An easy piece to write. Anybody could do it. And it would all be true. It’s all the easier because it lets us all off the hook. The talents that most of us have are unlikely to qualify us for lives of self-destructive excess. Clearly the lessons to be drawn from the life and early death of Amy Winehouse are for others. We’re OK. We’re in the clear.

Or are we? Let’s look at it from a different angle. Amy needed the gospel. She needed what the church of Jesus Christ has been entrusted with – the Word of Life. How would she have fared if she had walked into one of our congregations? Let’s leave aside the vocal quality of some of what passes for praise. What else would she have encountered? Would the reactions of a typical congregation have drawn her towards or driven her further from Christ?
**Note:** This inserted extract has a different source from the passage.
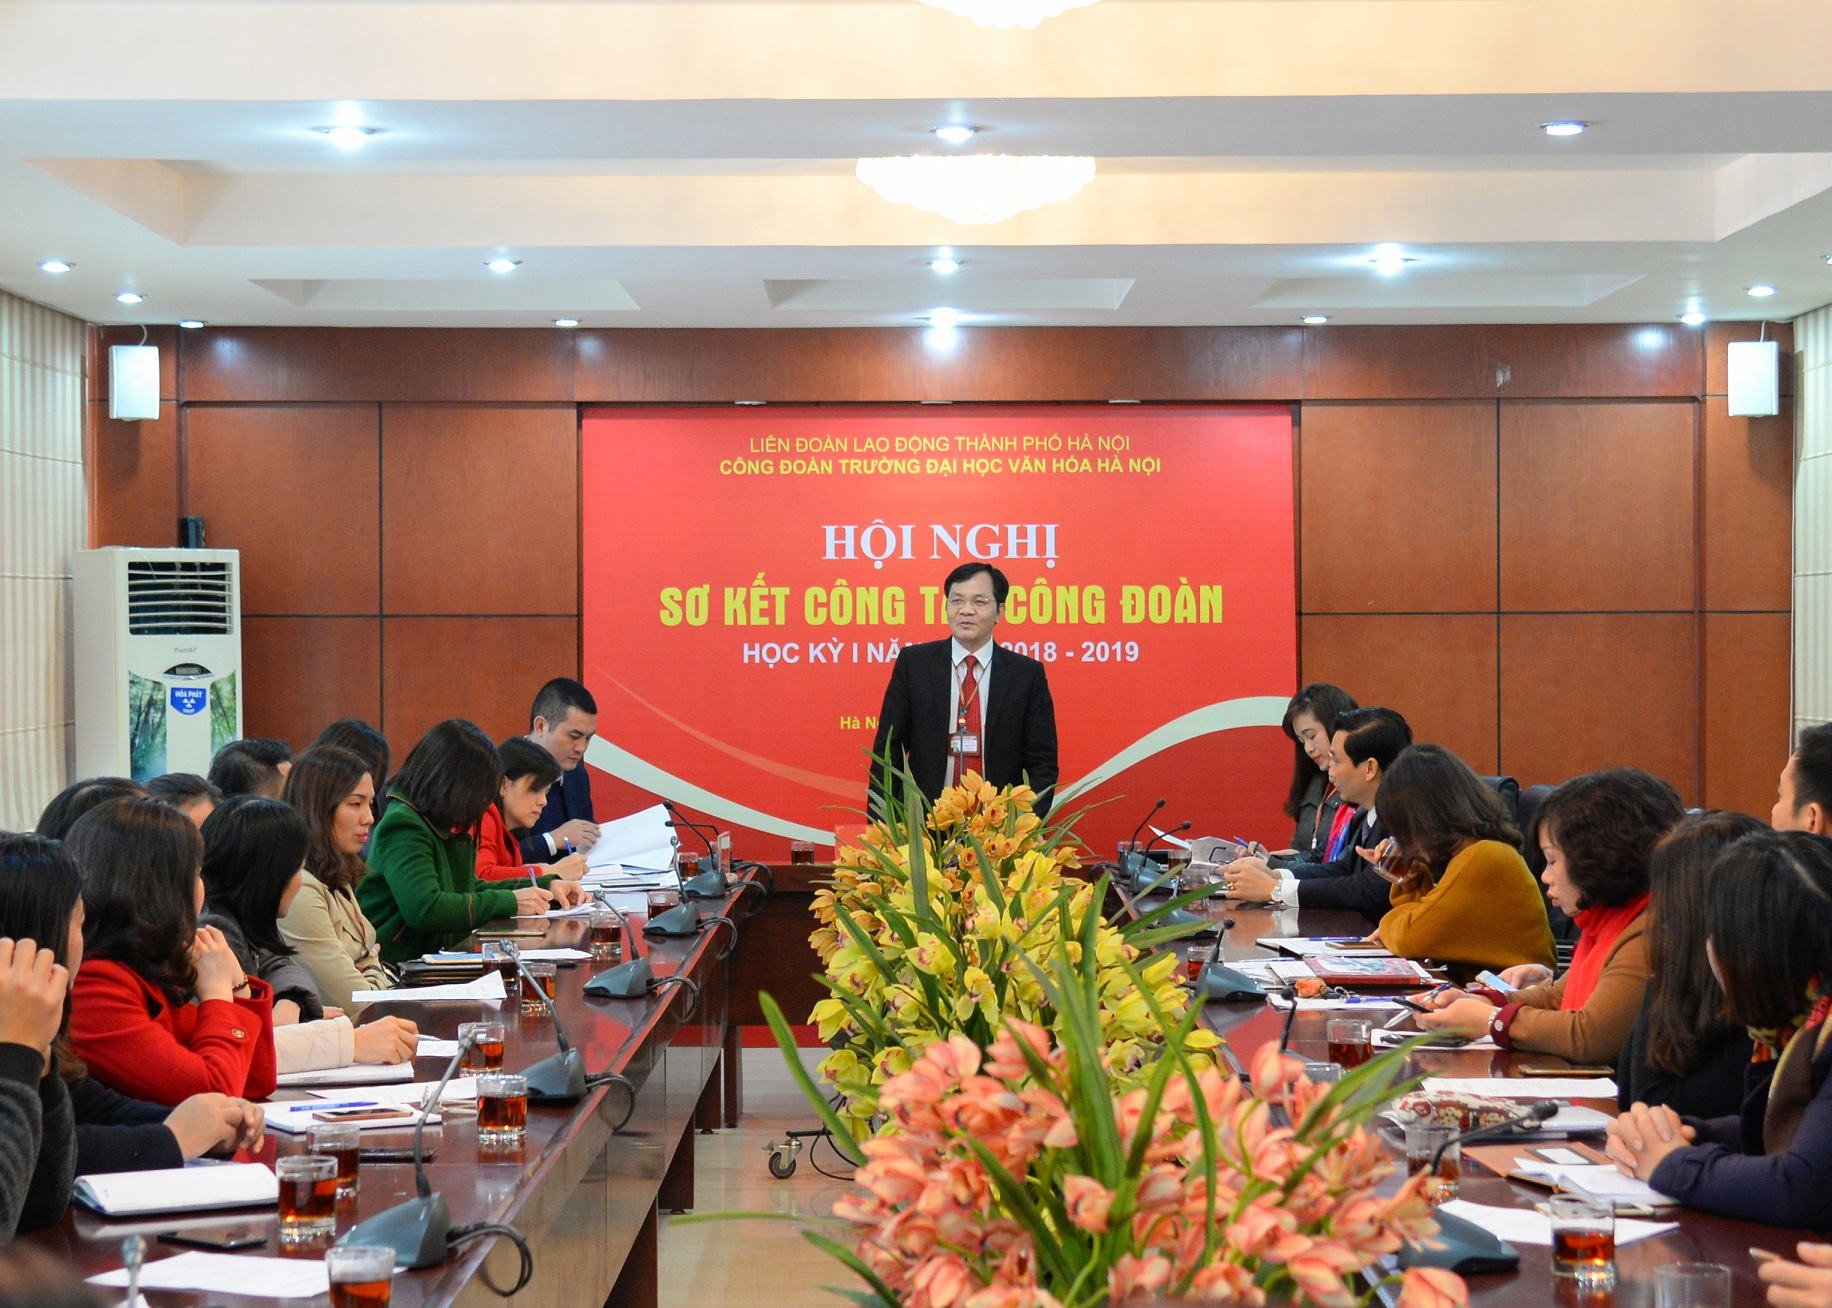 Hội nghị sơ kết hoạt động Công đoàn học kỳ I năm học 2018-2019

We trust that what she heard from the pulpit would, over time, have offered a balanced presentation of the gospel, setting out the seriousness of sin against a holy God and the consequences that it inevitably brings, along with a warm, loving statement of the hope for sinners that is to be found only in Christ crucified and risen, accompanied by an urgent, heartfelt call to believe in Christ for salvation, the kind of passionate pleading with sinners that our Covenanter forefathers were not ashamed to make. And all this in the language of the twenty-first century. We trust that is what she would have heard. Perhaps a little honest self-evaluation would do us preachers no harm.
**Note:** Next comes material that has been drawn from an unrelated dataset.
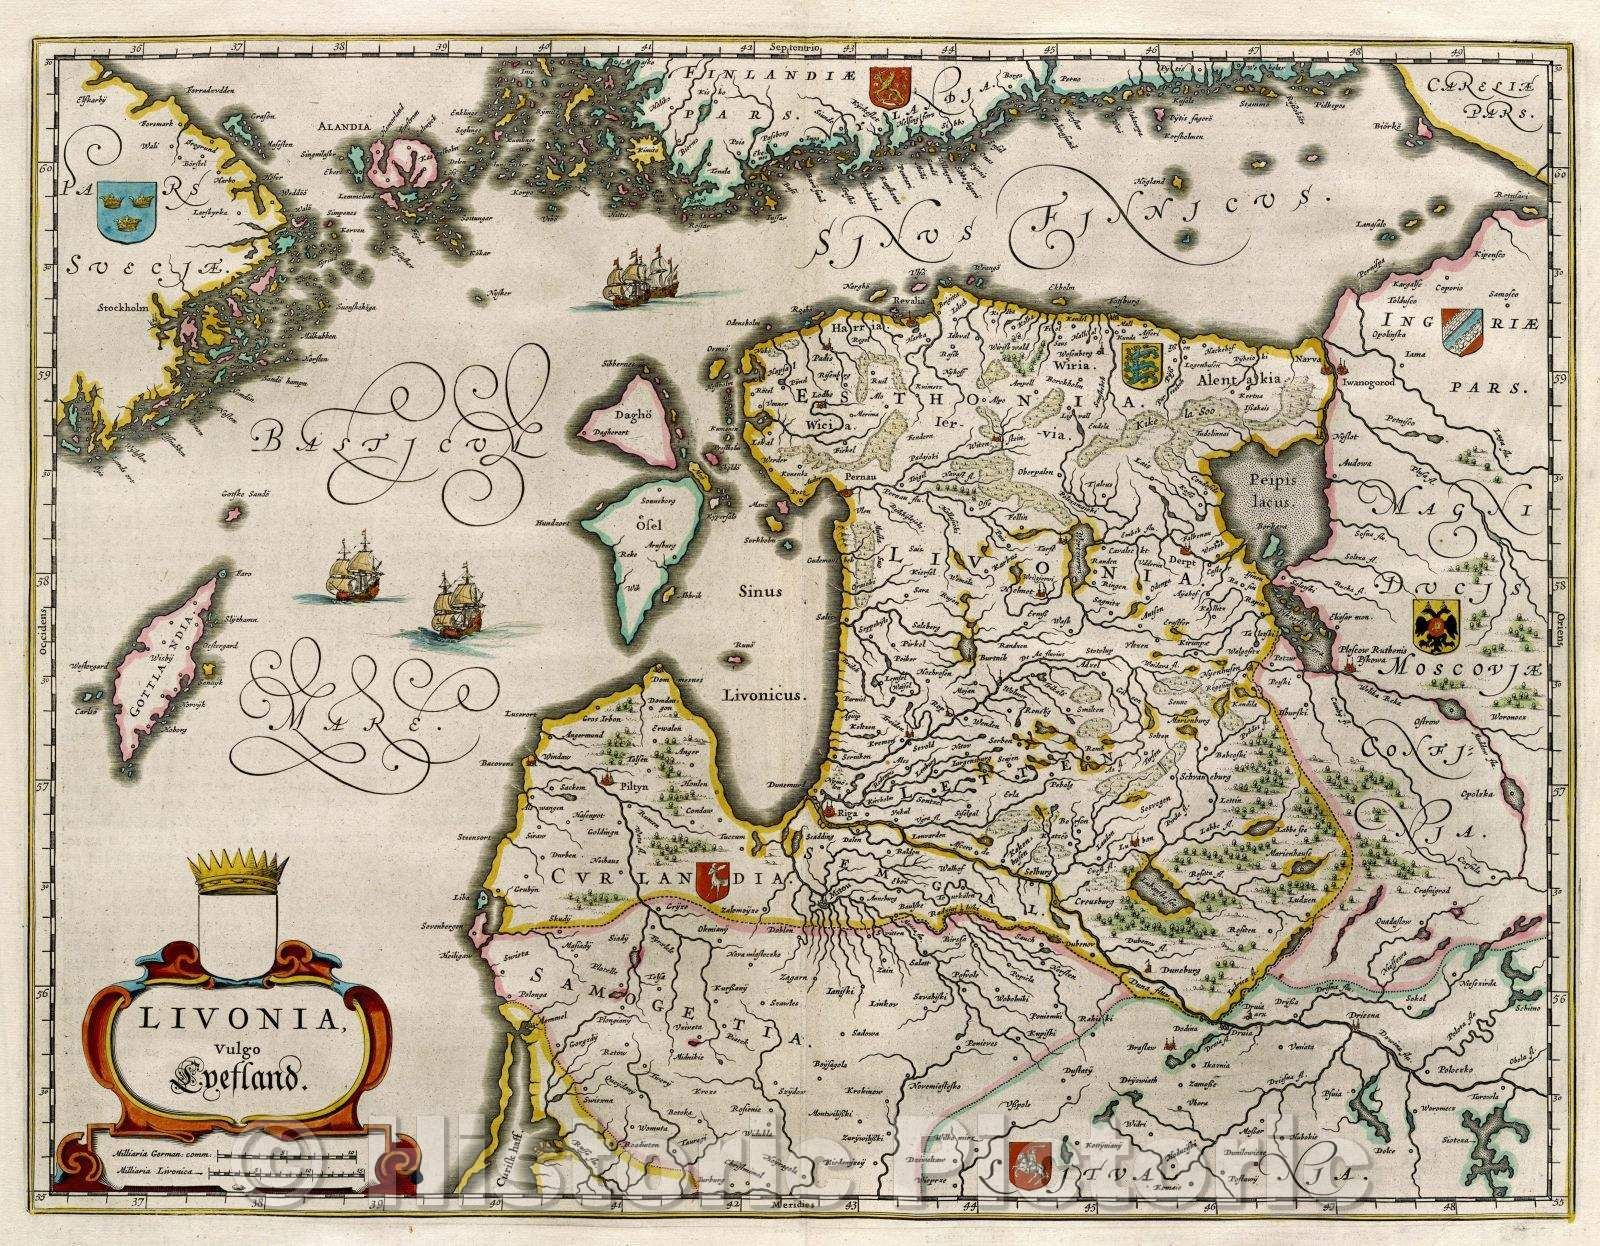 <p>Livonia, vulgo Lyefland., c. 1664</p>

And what about the congregation? There’s a factor that can undo much that is said from the pulpit. Would Amy have found a fellowship of people who love the Lord, who love each other and who will love anyone who walks in the door? People who delight to worship God and who live out their faith (however imperfectly) in the realities of everyday existence, with its sorrows as well as its joys. People for whom God is real, whose lives are touched at every point by his Spirit. People who do not condone sin, but whose arms, literally and metaphorically, are open to accept sinners as people made in God’s image who may become new creatures in Christ. People who know they are forgiven sinners. People who will extend the same welcome to sinners in sharp suits or designer dresses, redolent of the latest scents, and to sinners in second- (or third- or forth- ) hand clothes, who may struggle with English or who don’t smell the freshest.

We trust she would not have found people who drew aside in judgmental self-righteousness, wrapping their Pharisees’ robes tightly round themselves for fear of contamination. Surely that wouldn’t have happened among us, would it? Well – would it? For the truth is that a gospel not lived out by those who claim to believe it rings very hollow when presented from the safe elevation of a pulpit. Amy sang of ‘going back to black’. She didn’t cross the threshold of an RP church. May God grant that, if she had, she would have found joyful believers living in the light and longing to share it with her.